‘Let me tell truth’ on IFA settlement: ex-president
FORMER Irish Farmers’ Association president Eddie Downing is demanding to address a national meeting, claiming he was defamed during the period when he stepped down from his role.
The fallout from the association’s €1.9m settlement with its former secretary general Pat Smith continues to rumble.
Mr Downey wanted to air his version of events at a meeting of the organisation’s national council, which has been due to take place in IFA headquarters in Dublin today. But it has now been cancelled due to the weather conditions.
“I’ve waited long enough to tell the truth about what happened in that room,” he said of the night more than two years ago when he signed off on a €2m severance deal with the then general secretary Mr Smith.
It follows the IFA accepting that it defamed Mr Smith after two legal actions were settled outside the High Court. The IFA confirmed that Mr Smith is to receive €1.55m in relation to his severance claim and €350,000 in relation to his defamation claim.
Earlier this week, Mr Downey addressed more than 100 farmers attending a Meath IFA AGM in Navan. He claimed that he had been defamed by reports during the period when both he and Mr
Smith stepped down from their roles at the head of the country’s largest farmer organisation, which was engulfed in a pay controversy.
Mr Downey told the meeting he was passed a ticking timebomb when he became president. “The music stopped and I was holding the parcel.”
When details of the €2m severance deal for Mr Smith emerged, Mr Downey claimed senior members of the IFA effectively “threw me under a bus”.
“Reports at the time said that Eddie Downey acted alone. This is not true. This is defamation,” he told the Meath IFA AGM.

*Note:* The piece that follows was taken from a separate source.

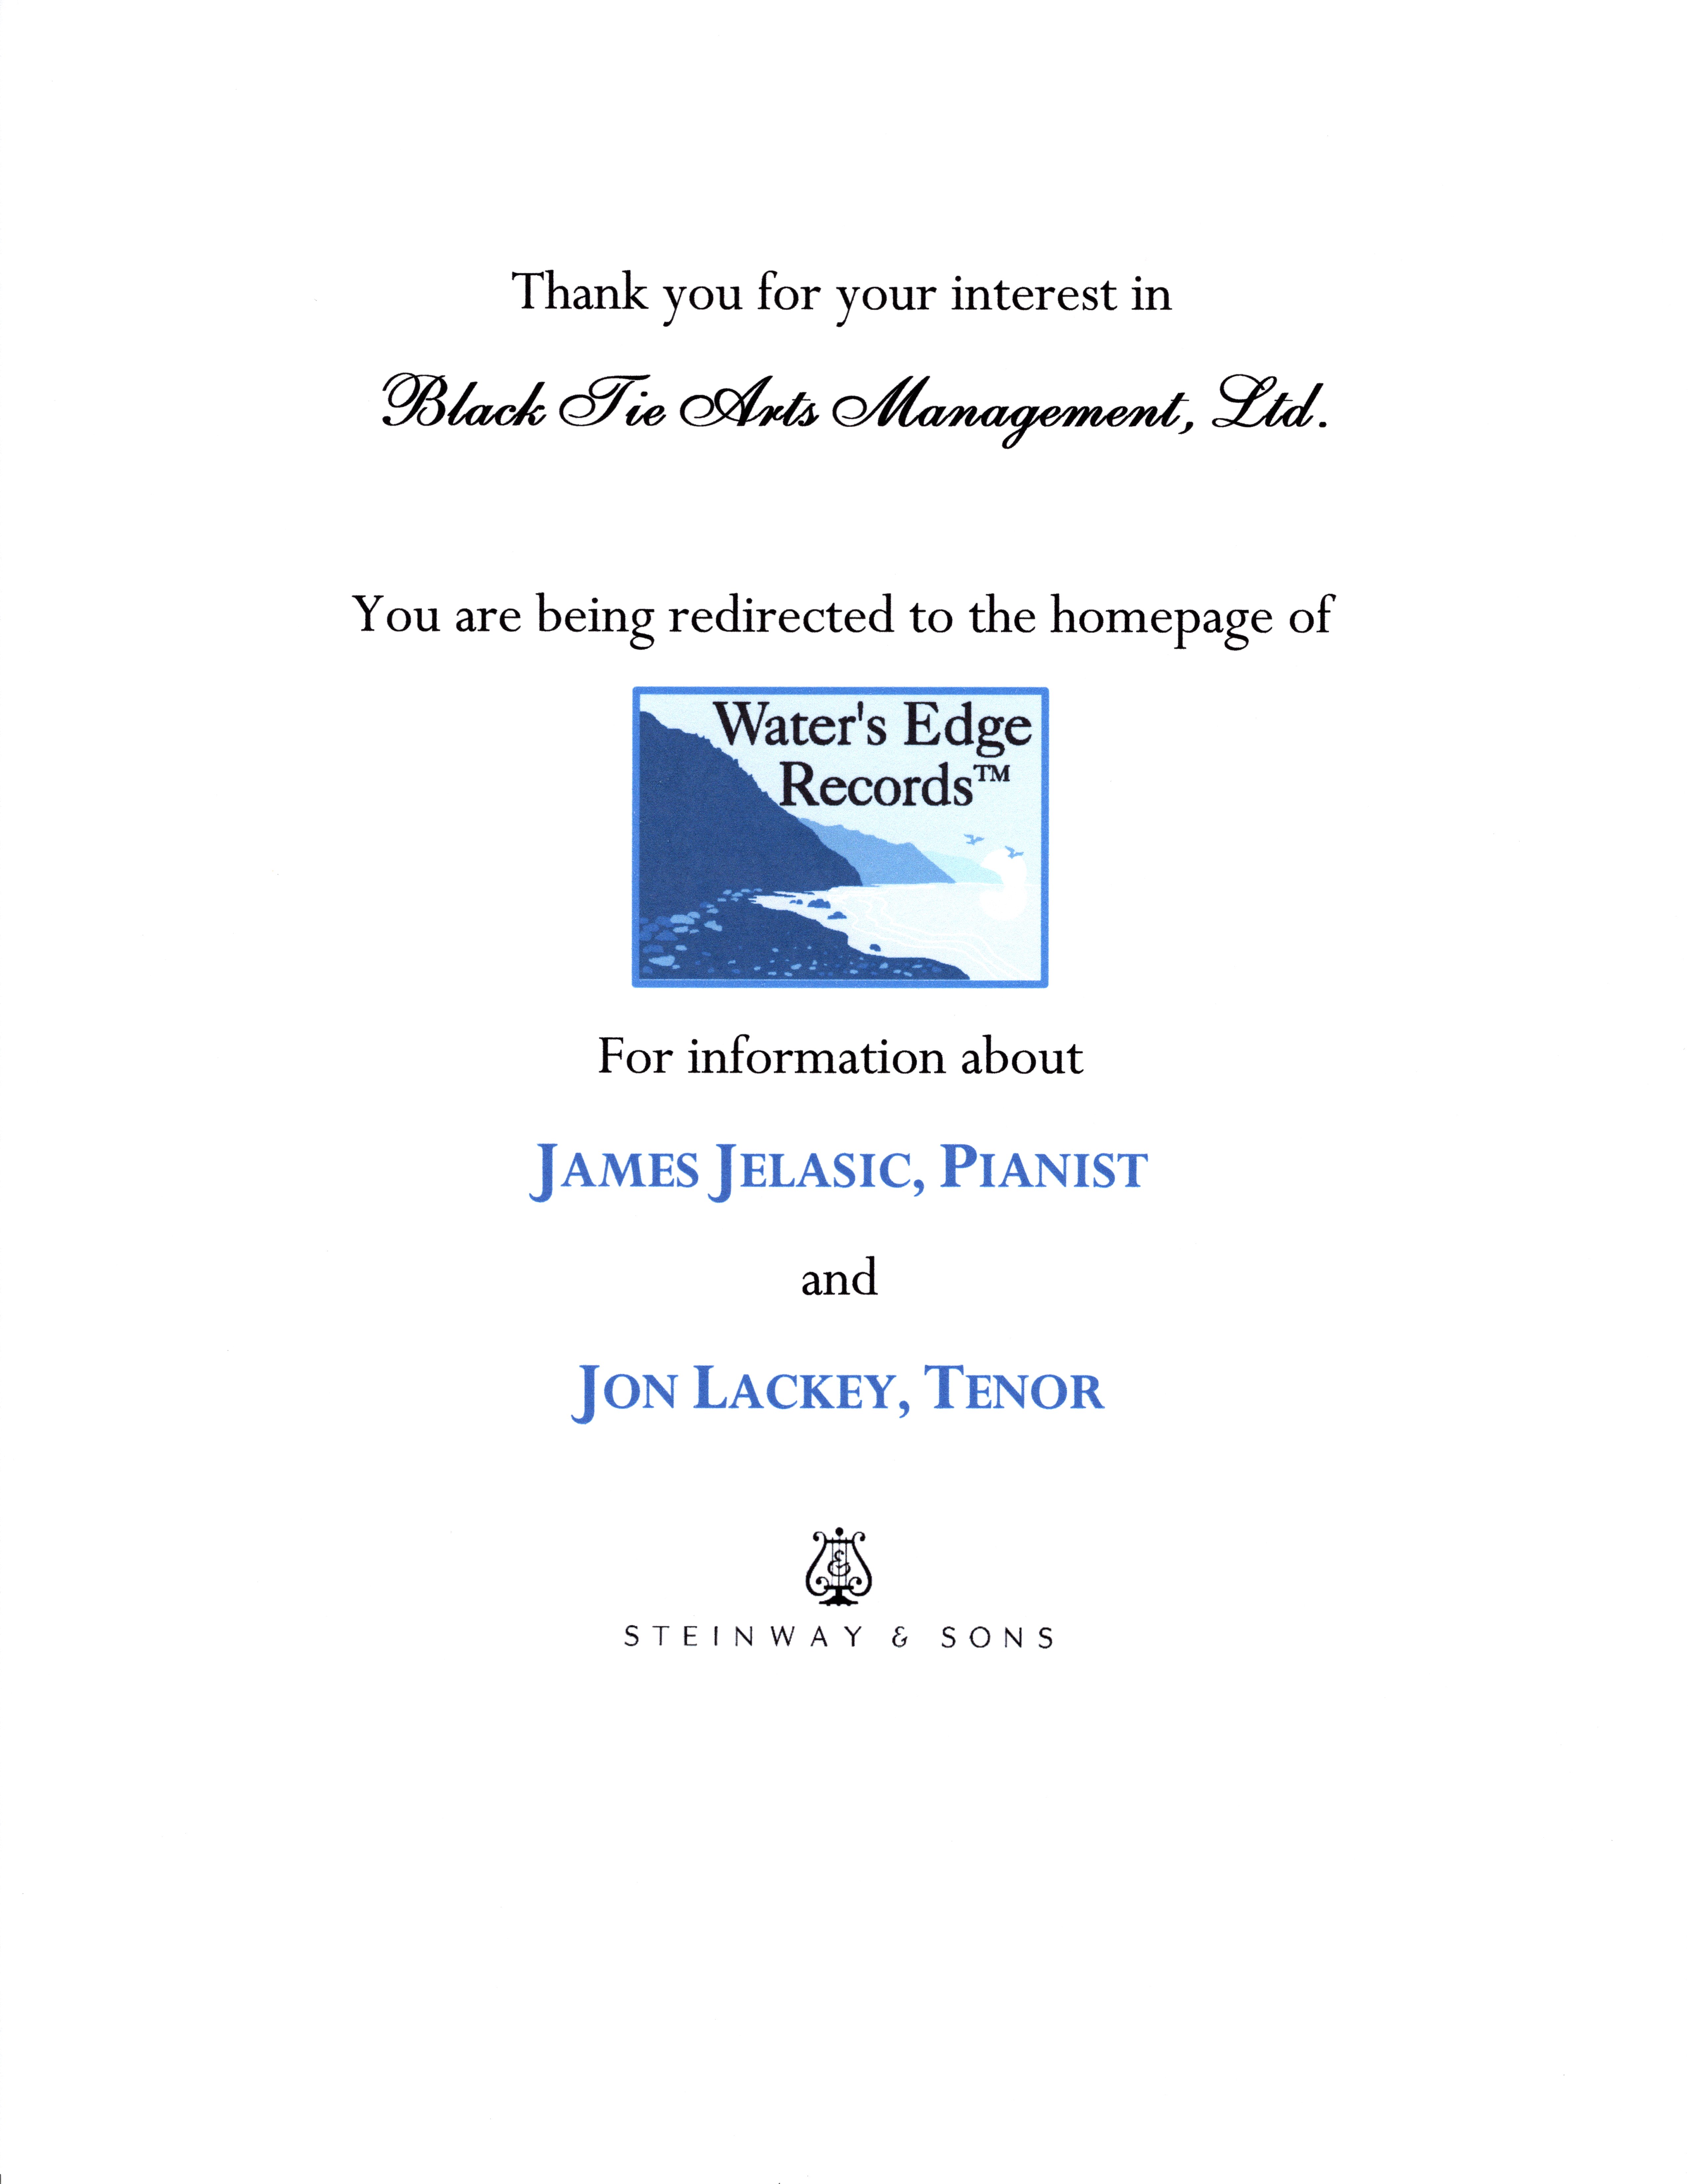 Thank you for your interest in Black Tie Arts Management, Ltd. You are being redirected to the homepage of Water’s Edge Records for information about James Jelasic, Pianist, and Jon Lackey, Tenor.
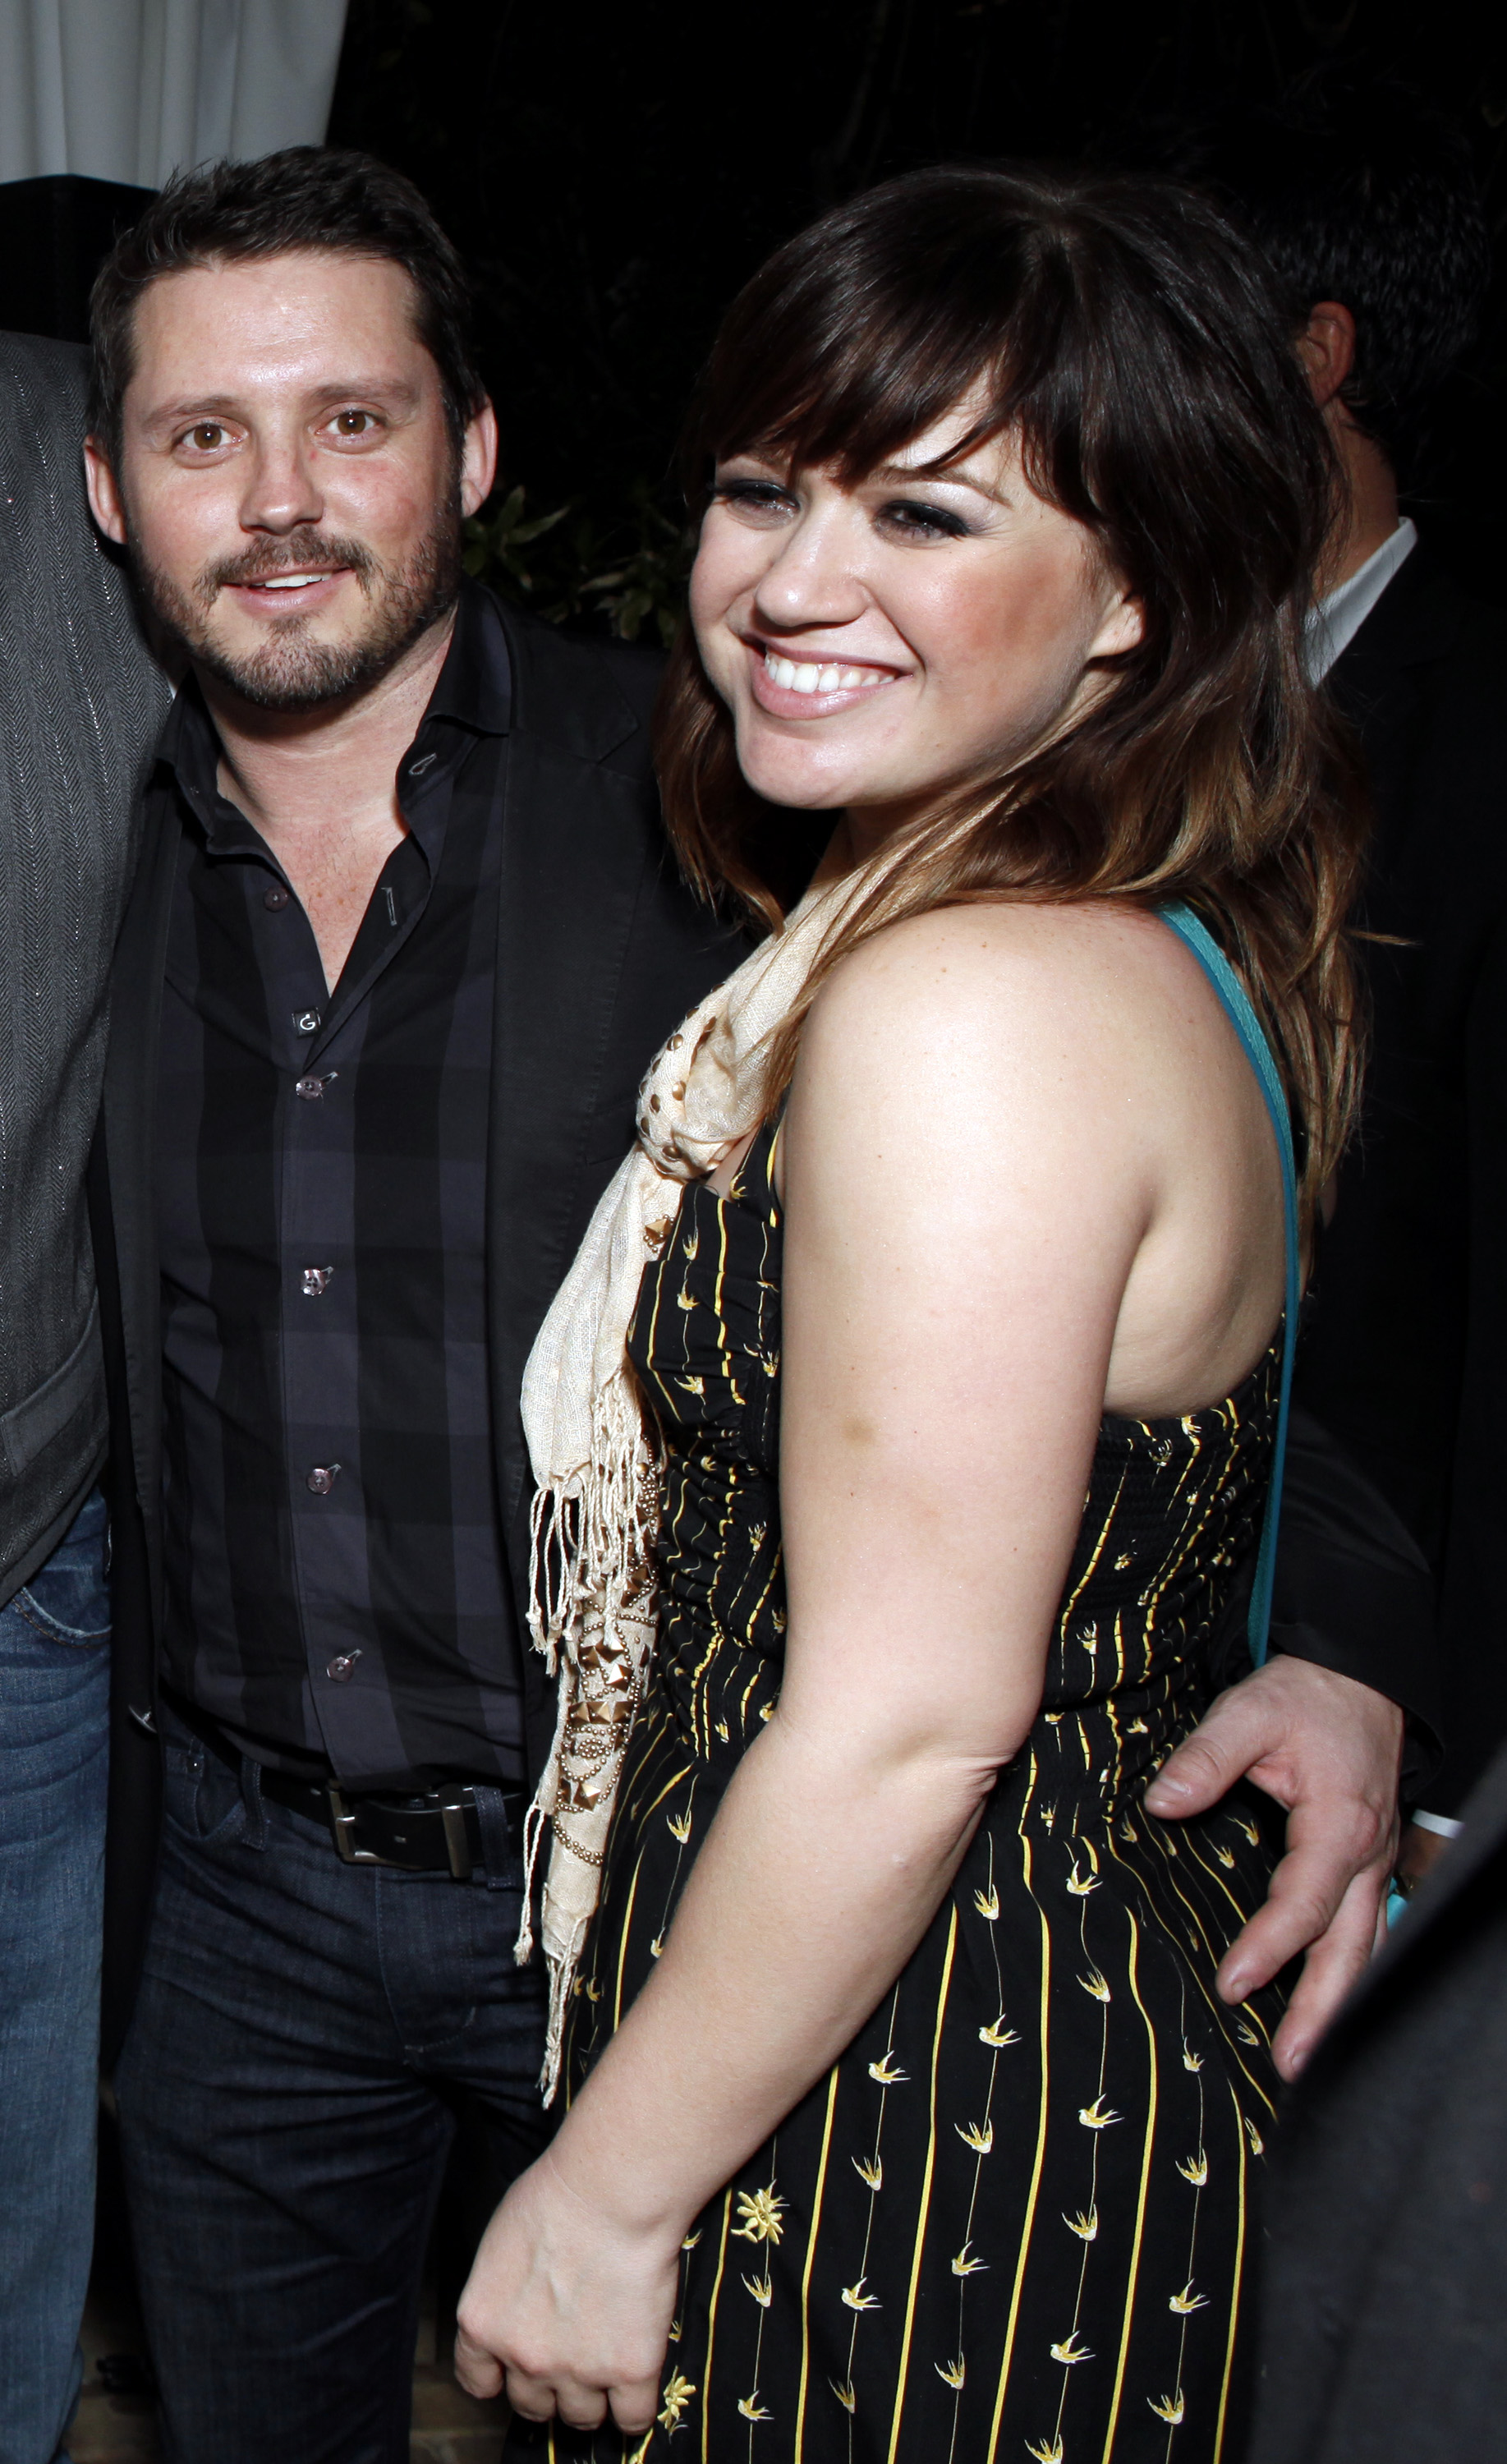 Brandon Blackstock and Kelly Clarkson attend the Warner Music Group Grammy Celebration at Chateau Marmont on February 12, 2012 in Los Angeles, California | Source: Getty Images

“All that I did that day was approved and at every step I sought and received approval. Why, Mr president, can I not tell the truth now?” he asked the current IFA president Joe Healy in front of a packed room at the Newgrange Hotel.
Later he added that he intended addressing the IFA national council, with or without the blessing of Mr Healy.
Mr Healy stated that the matter would be for national council to decide. However, when pressed further he conceded that he had no problem with Mr Downey addressing the national council meeting.
A spokesman for the IFA had no further comment to make as to whether the former president would be given the opportunity to present his version of events.